FICTION FRIDAY: Thimbleful Thursday – Labor of Love

Sooooooo this one is a solid like…100 words over where the TTH prompt wanted me but I GOT CARRIED AWAY I’M SORRY. I’m still really pleased with this, though, and it’s started to give me some ideas for a book I’ve been wanting to write for years now. I’ll let you be the judge of who these characters are.

They didn’t understand. He wasn’t sure they could.

He’d tried, for years now. Showed them every way he could without beating them over the heads with it. He wasn’t just aimlessly wandering; he knew where he was going and what he was trying to accomplish in the end. Was there an easier way to do it? Maybe. He’d never really asked all that much. Sure, he’d had a bit of a breakdown the night before. Begging for some other way, any other way, to do this.

But there was no other way.

All his friends, none of them got it. You’re innocent, right? Why aren’t you appealing this? Take it to the courts or something; you don’t have to be here. It was true, of course. Most of them were here under wrongful charges. But going through appeals processes one at a time…it wouldn’t work. There wasn’t enough time. But one high-profile botched execution… That might turn the tables.

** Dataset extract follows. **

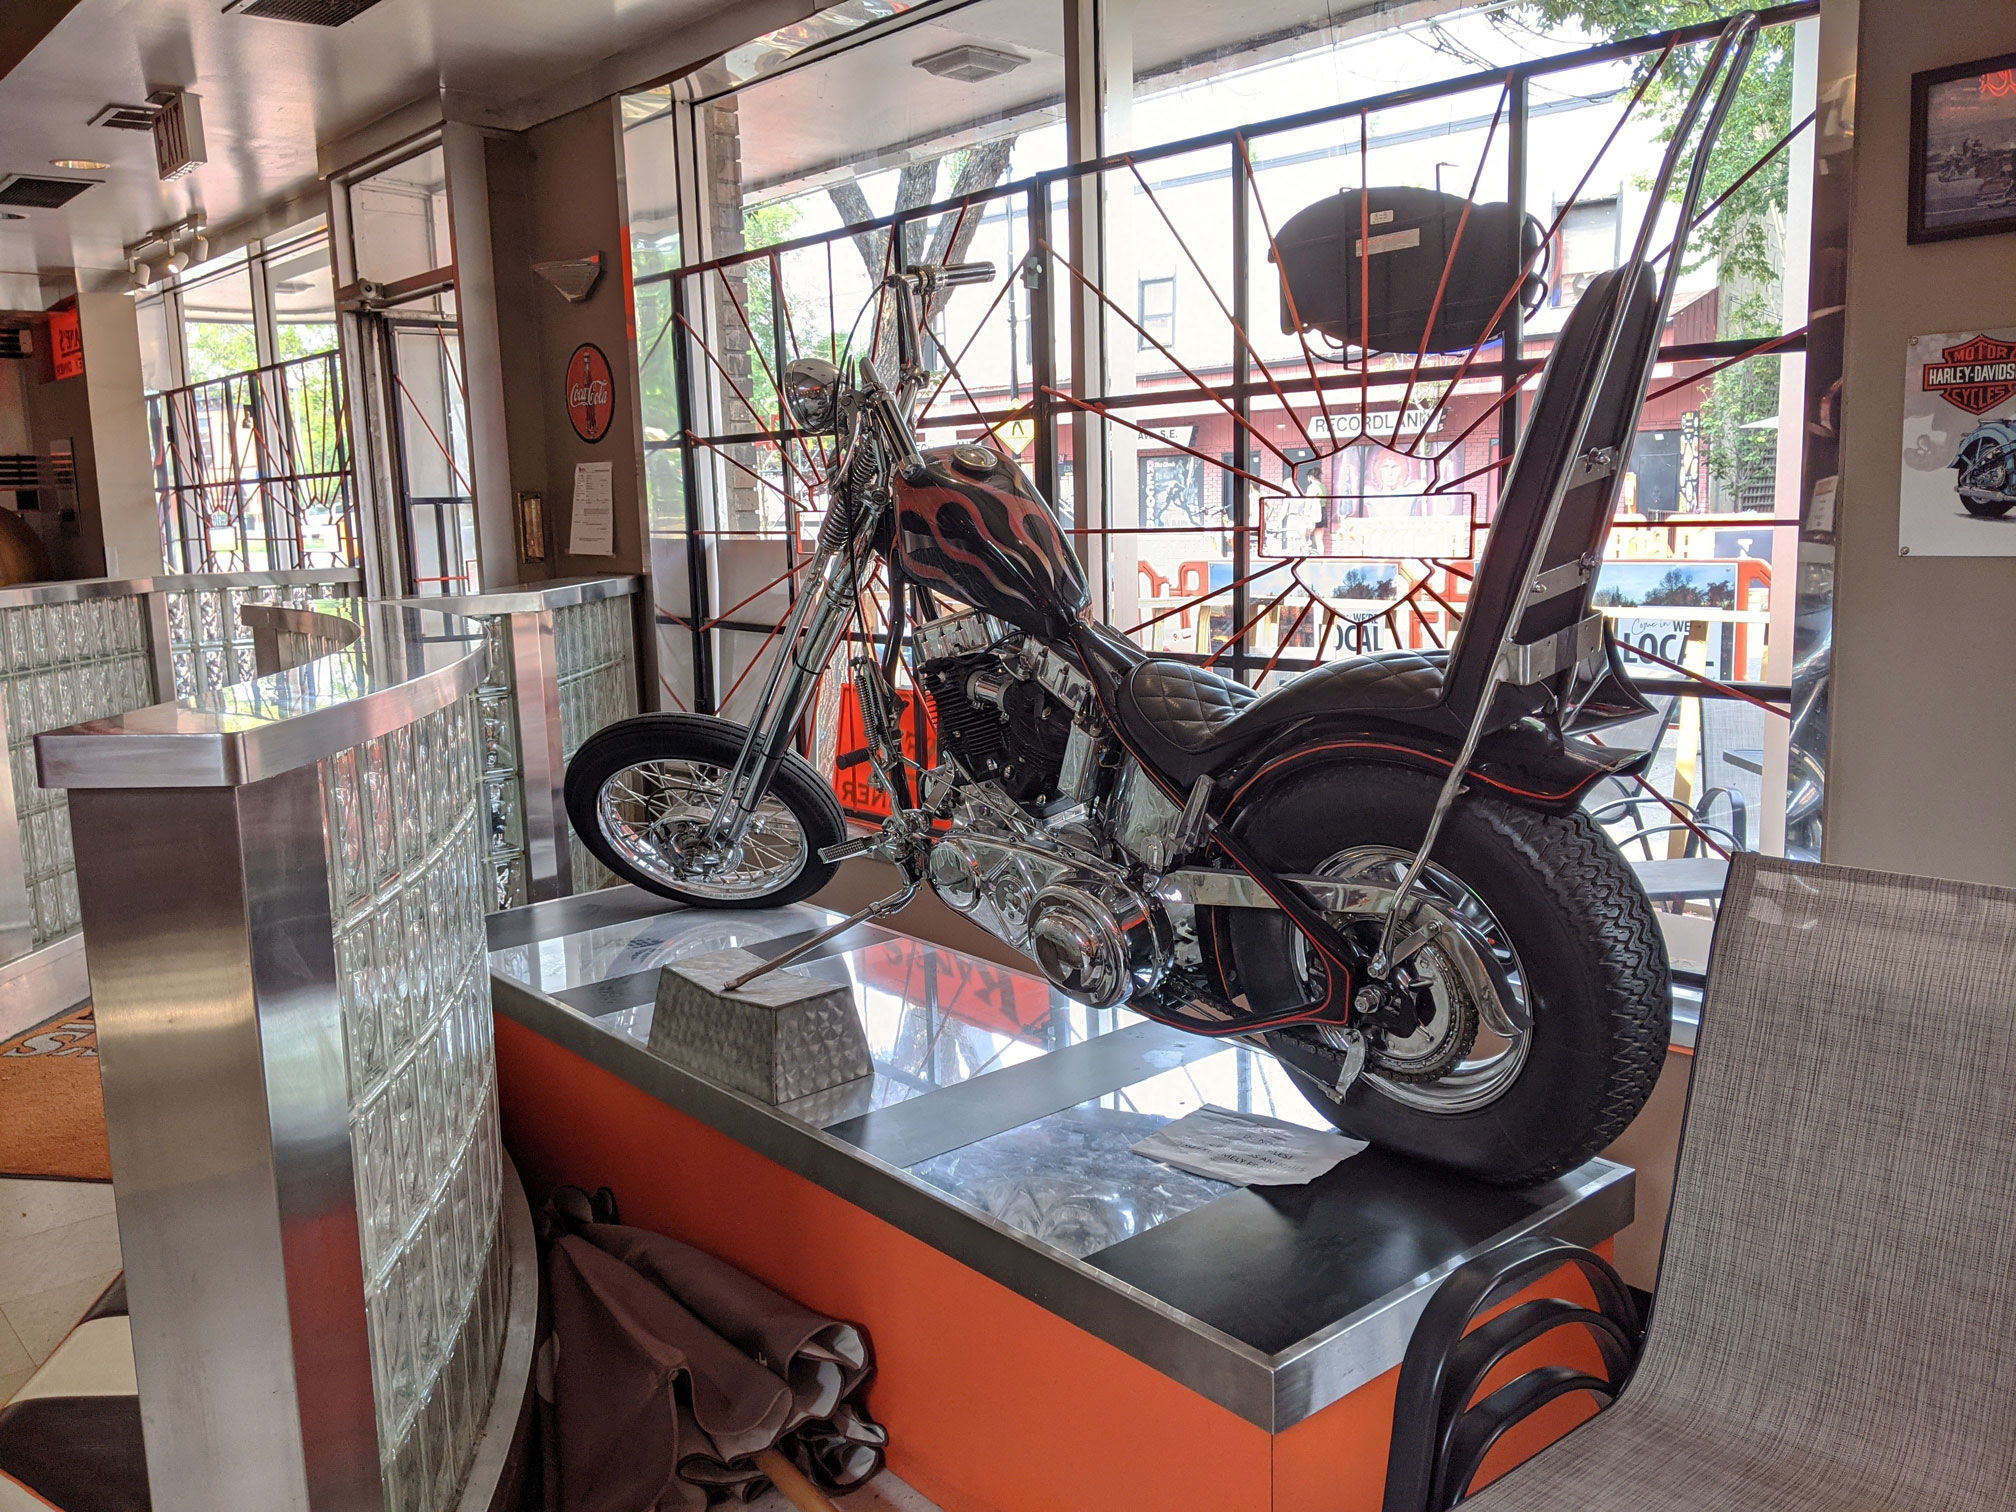 A Harley Davidson motorcycle at one of Calgary's Old-Fashioned Diners

It felt like it was the dead of night, though he really had no idea if that was true. There weren’t any windows in his room. Just the heavy weight of blackness and silence. The weight of his purpose, of the reason he was here. The reason he’d spent three years on death row, the reason he’d been trying so hard to get just a tiny fraction of the truth drilled into the minds of everyone else here. It’s going to be fine, he kept reminding them. It’s supposed to be like this. You’ll be fine without me. I’m doing this for you. Everything’s still all according to plan.

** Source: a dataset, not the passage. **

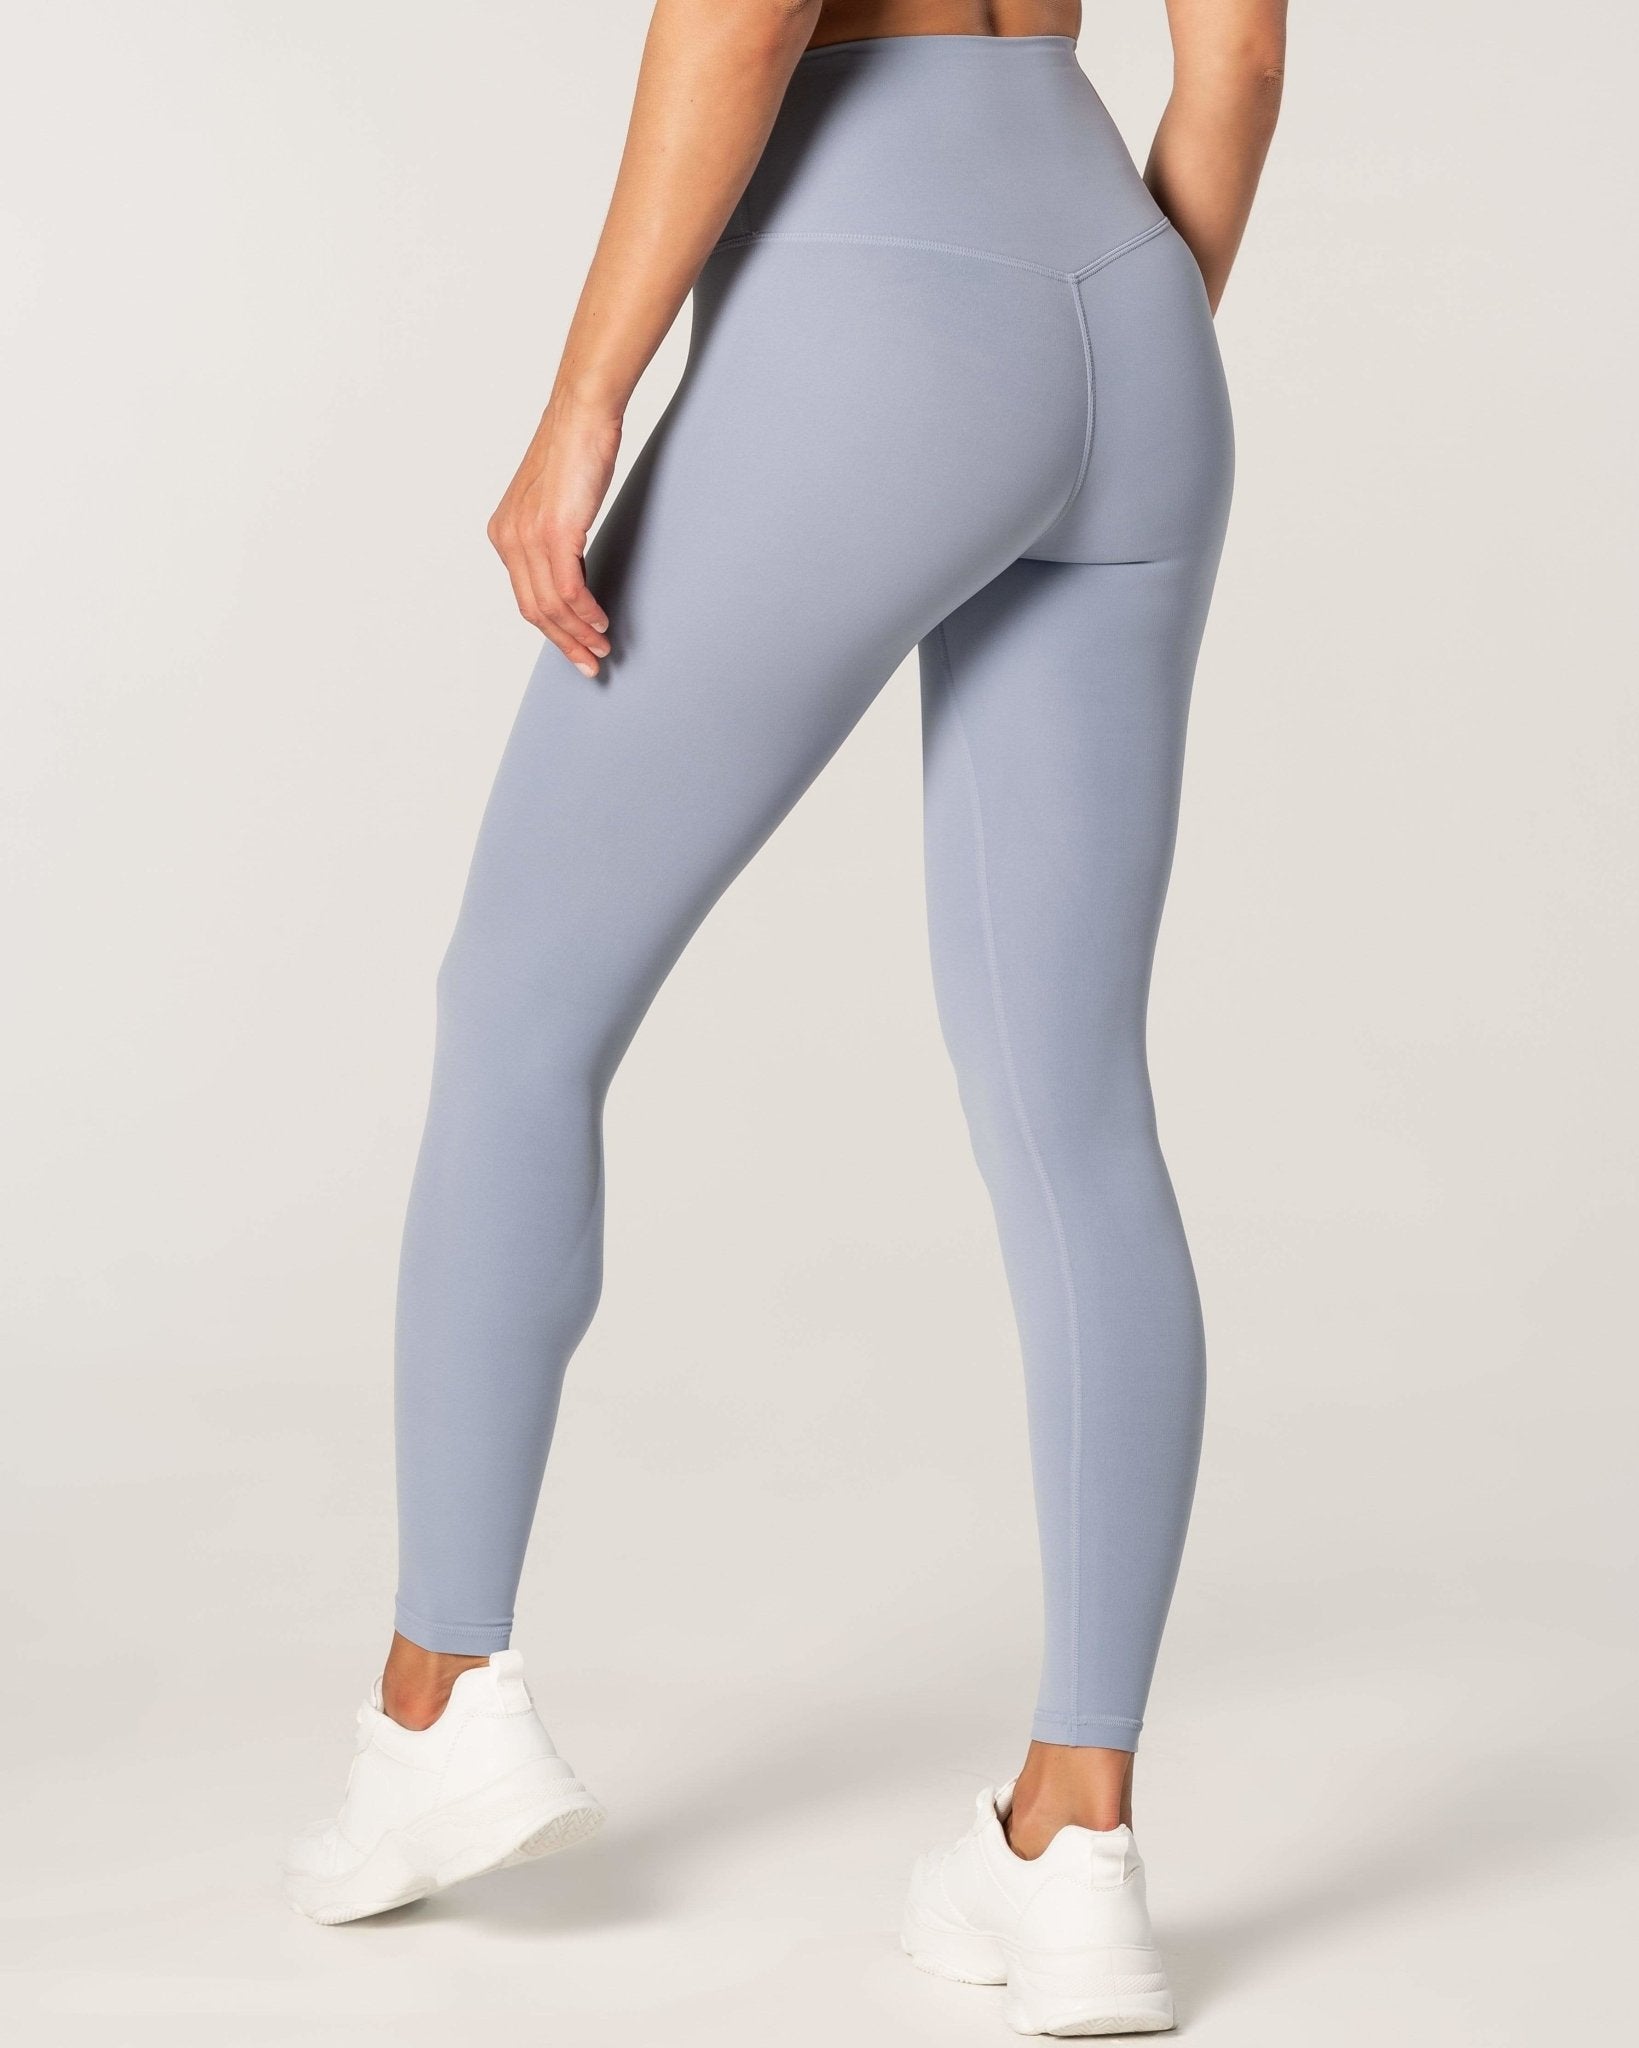 Mercy Tights - Light Grey - RELODE

They doubted him. They questioned him. Even when he insisted that eventually, one of them was going to tell the guards…no one believed him. Not until the jailers had shown up last night and dragged him out. Not until he’d urged them not to fight for him, to let him go.

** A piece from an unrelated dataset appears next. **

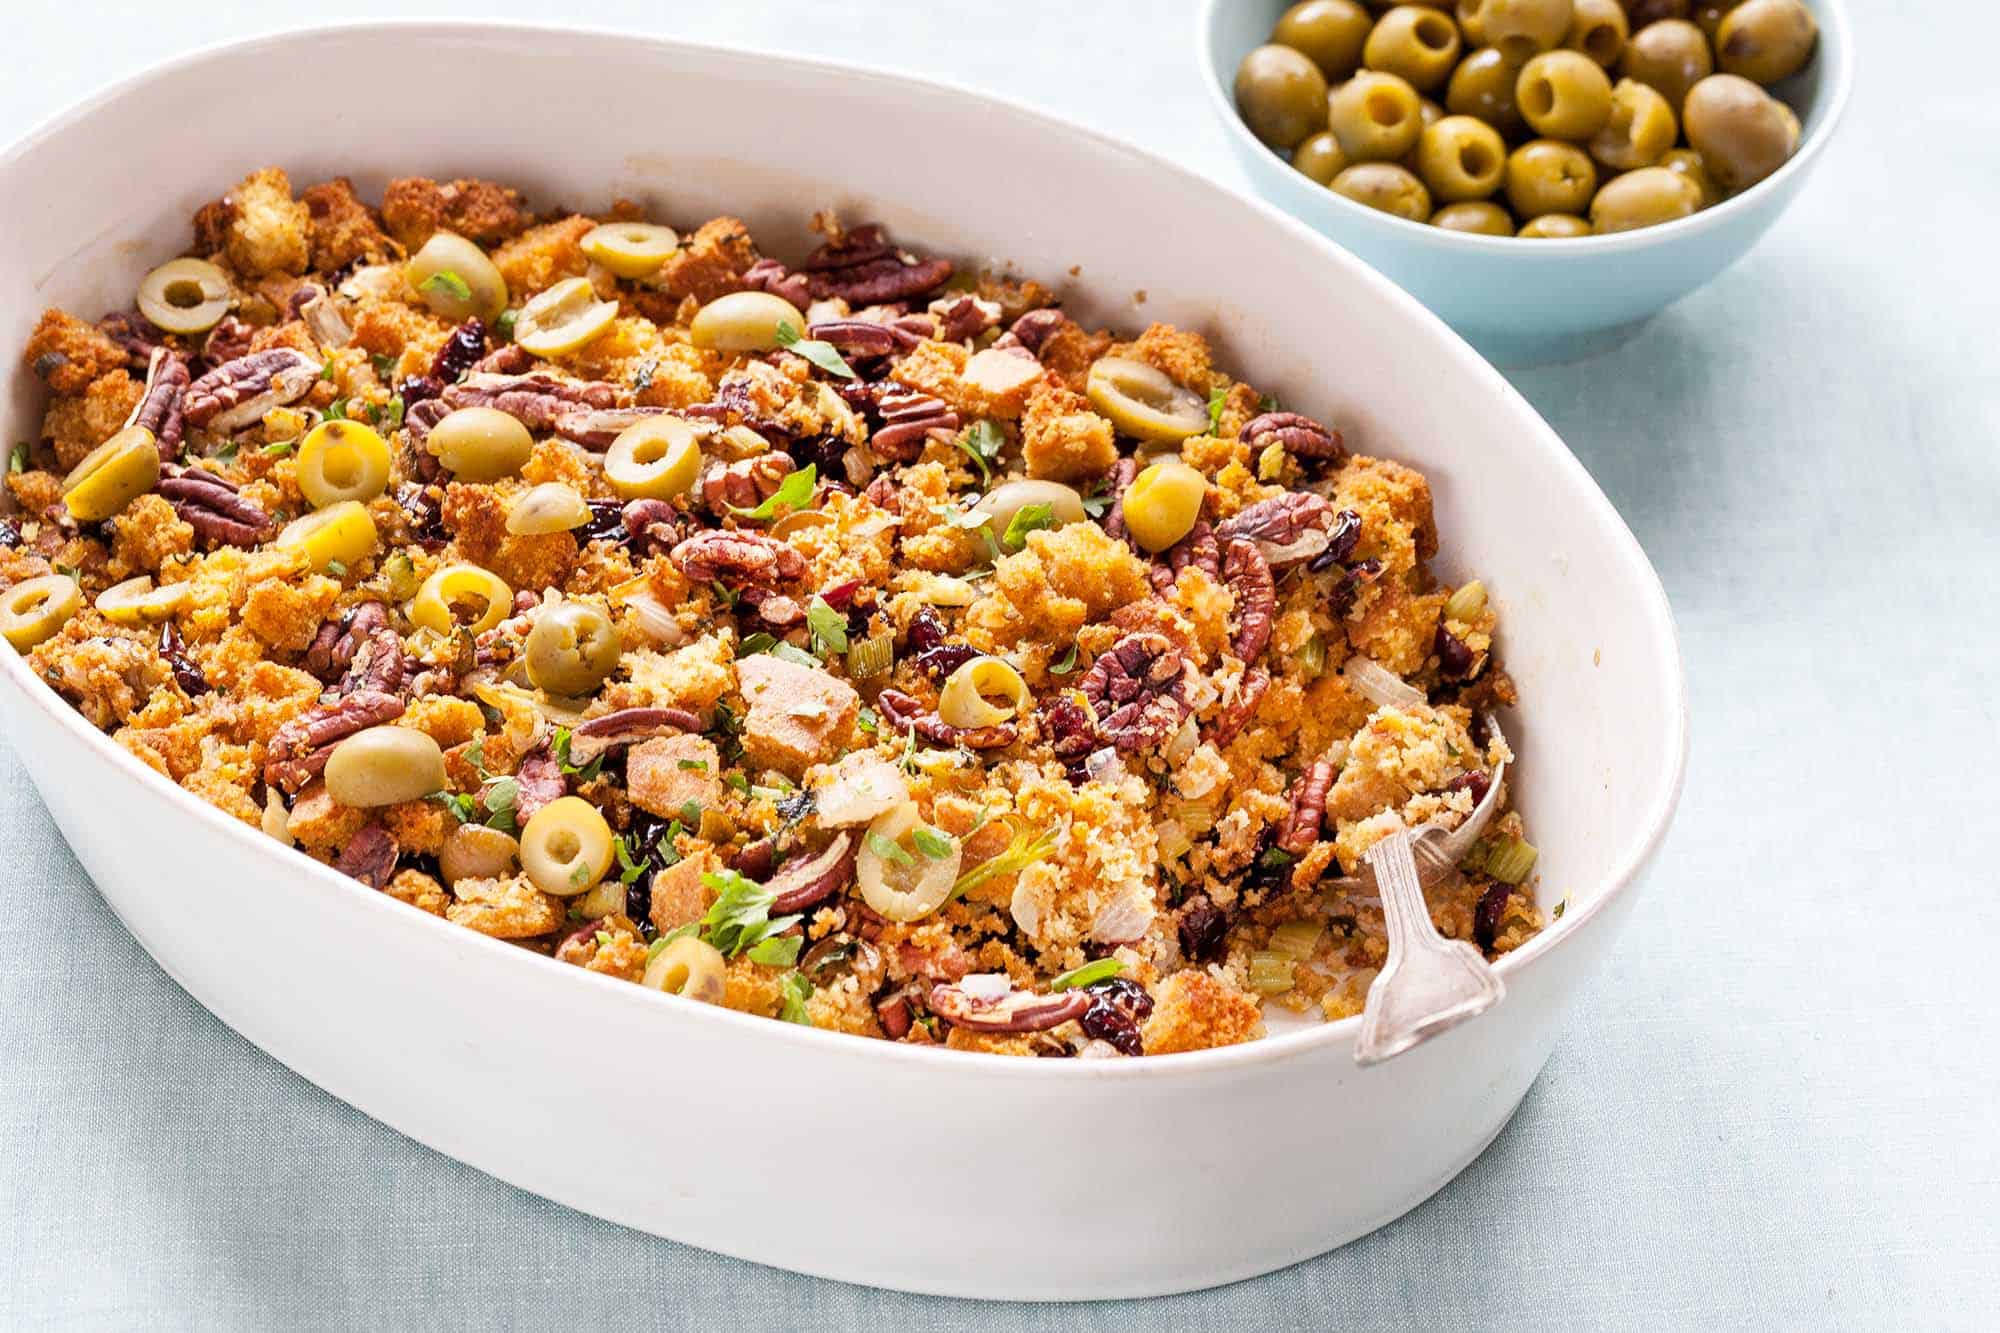 Cornbread stuffing with green olives and pecans

He’d seen Cary creep in, hoping to be unnoticed until Cary sat down next to him. And he’d seen the horror in Cary’s eyes as he was pulled out of the room.

So he wasn’t surprised to hear Cary’s voice on the other side of the door now. “Josh? Shit, man, I…” He could hear the other man fall to his knees outside the door. “It wasn’t supposed to be like this. I thought you’d fight back. I thought…you just needed one more push, man. I knew it was in you, I just thought…”

“It’s okay, Cary.” My voice was even and soft. “You did what you had to. You did what you were supposed to.”

“Then why do I feel like shit?” Cary was fighting so hard to keep his voice steady.

He swallowed. “Because doing the right thing isn’t always easy.”

“How is this the right thing?!” A bang on the door; Cary’s fist pounding the metal. “Out of any of us, I’m the guilty one. I actually did what I was put here for. Maybe the sentence is harsh, I don’t know. But Josh…we all know you didn’t do anything. You got framed, and now because I opened my big mouth for what, thirty bucks? You’re gonna die.”

“I know. It’s fine.”

“It’s not fine! I was supposed to be your friend! You…you trusted me, and I shit all over that.”

He chuckled. “Someone was going to do it, Cary. I’d rather it be a friend than an enemy.”

“Do you even have enemies?” Josh didn’t respond. “Why are you doing this? You’re not getting anything out of it.”

“I don’t need to. I know that you all will, and that’s what matters.” He stood and set his hand against the metal of the door, willing any of his calm to go out to his friend. “Go back to the others, Cary, and know that I forgive you.”

He heard his friend’s choked back reply, and then footsteps walking away.

This evening would come soon enough. And then…then, it would all be finished.